Abstract
The Local Binary Pattern (LBP) is a widely used descriptor in facial expression recognition due to its efficiency and effectiveness. However, existing facial expression recognition methods based on LBP either ignore different kinds of information, such as details and the contour of faces, or rely on the division of face images, such as dividing the face image into blocks or letting the block centering on landmarks. Considering this problem, to make full use of both detail and contour face information in facial expression recognition, we propose a novel feature extraction method based on double δ-LBP (Dδ-LBP) in this paper. In this method, two δ-LBPs are employed to represent details and the contour of faces separately, which take different kinds of information of facial expression into account. Experiments conducted on both lab-controlled and wild environment databases show that Dδ-LBP outperforms the original LBP method.
Access provided by CONRICYT-eBooks.
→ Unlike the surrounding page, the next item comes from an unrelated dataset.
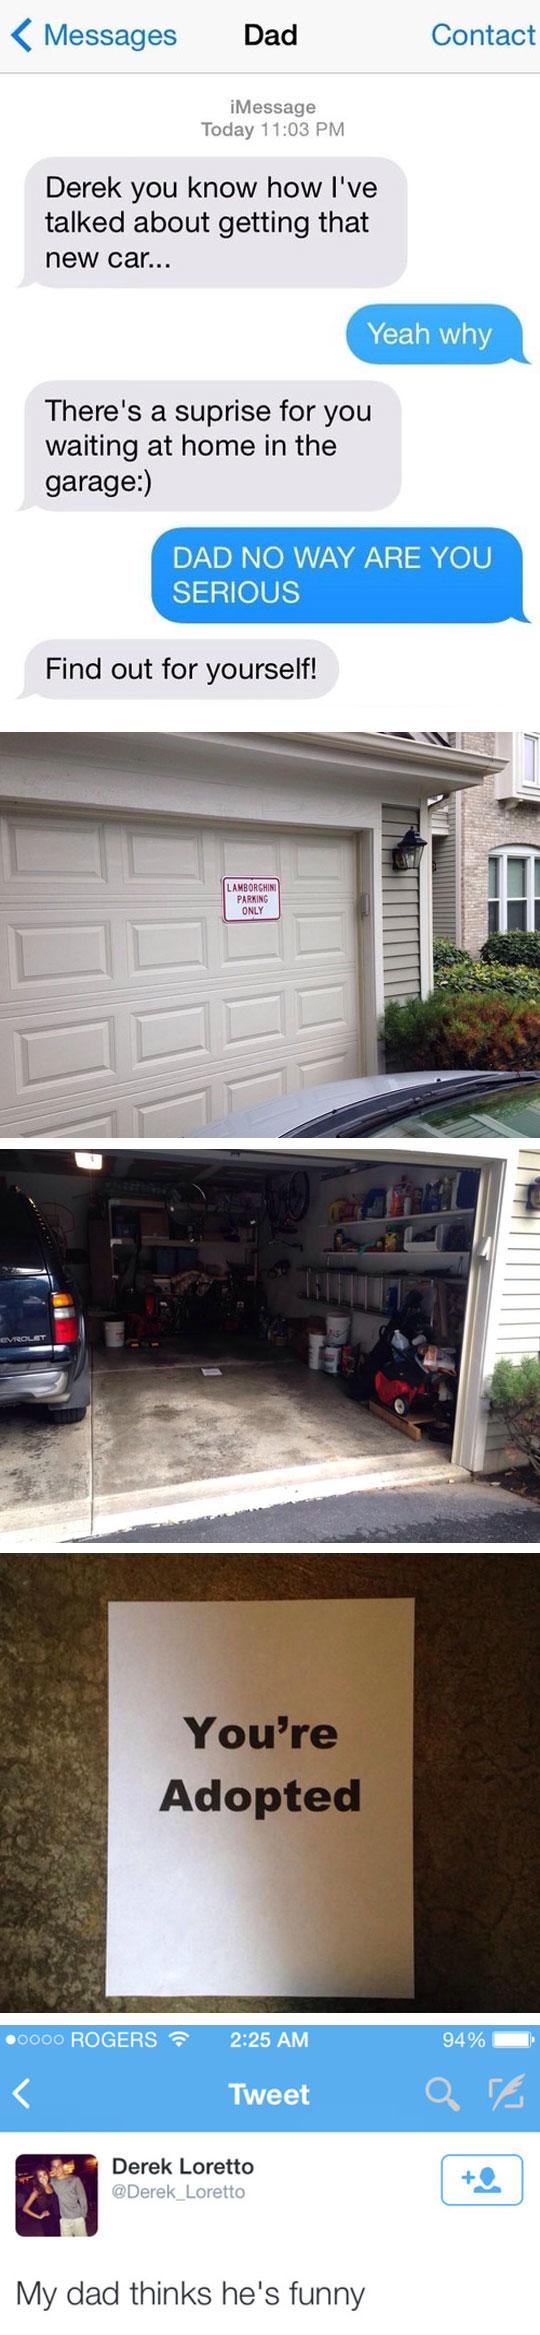 cool-dad-new-car-prank

Download conference paper PDF
Similar content being viewed by others
Keywords
- Facial expression recognition
- Local binary patterns
- Feature extraction
- Principal component analysis
- Support vector machine
1 Introduction
The purpose of automatic facial expression recognition is to make the machine recognize different expressions of people, which has been widely used in the area of human-machine interaction. Many algorithms have been proposed for automatic facial expression recognition, in which the most crucial part is feature extraction. Recent successful features in facial expression recognition have been either handcrafted or learned from data. The handcraft feature focuses on constructing informative features manually. A good low-level feature should be both discriminative for inter-expression difference and invariant to intra-expression variations, such as lighting and the same expression of different people.
The Local Binary Pattern (LBP) descriptor has been widely used to both face recognition and facial expression recognition [1]. Existing feature extraction approaches using LBP can be generally grouped into two approaches: dividing face images into regular non-overlapping patches [2,3,4] and extracting patches centering at key points [5]. The regular non-overlapping dividing method first divides each face image into N overlapping patches with the same size, then applies the LBP to each patch. However, this method may separate the same information into two parts and this is not good for classification. The centering at key points patches method first uses the face alignment method to get landmarks, and then extracts feature centering at the key points. It relies largely on the accurate facial landmarks. However, most existing methods of this category present an expression image ignoring different kinds of information like details and the contour, which is crucial for facial expression recognition in reality.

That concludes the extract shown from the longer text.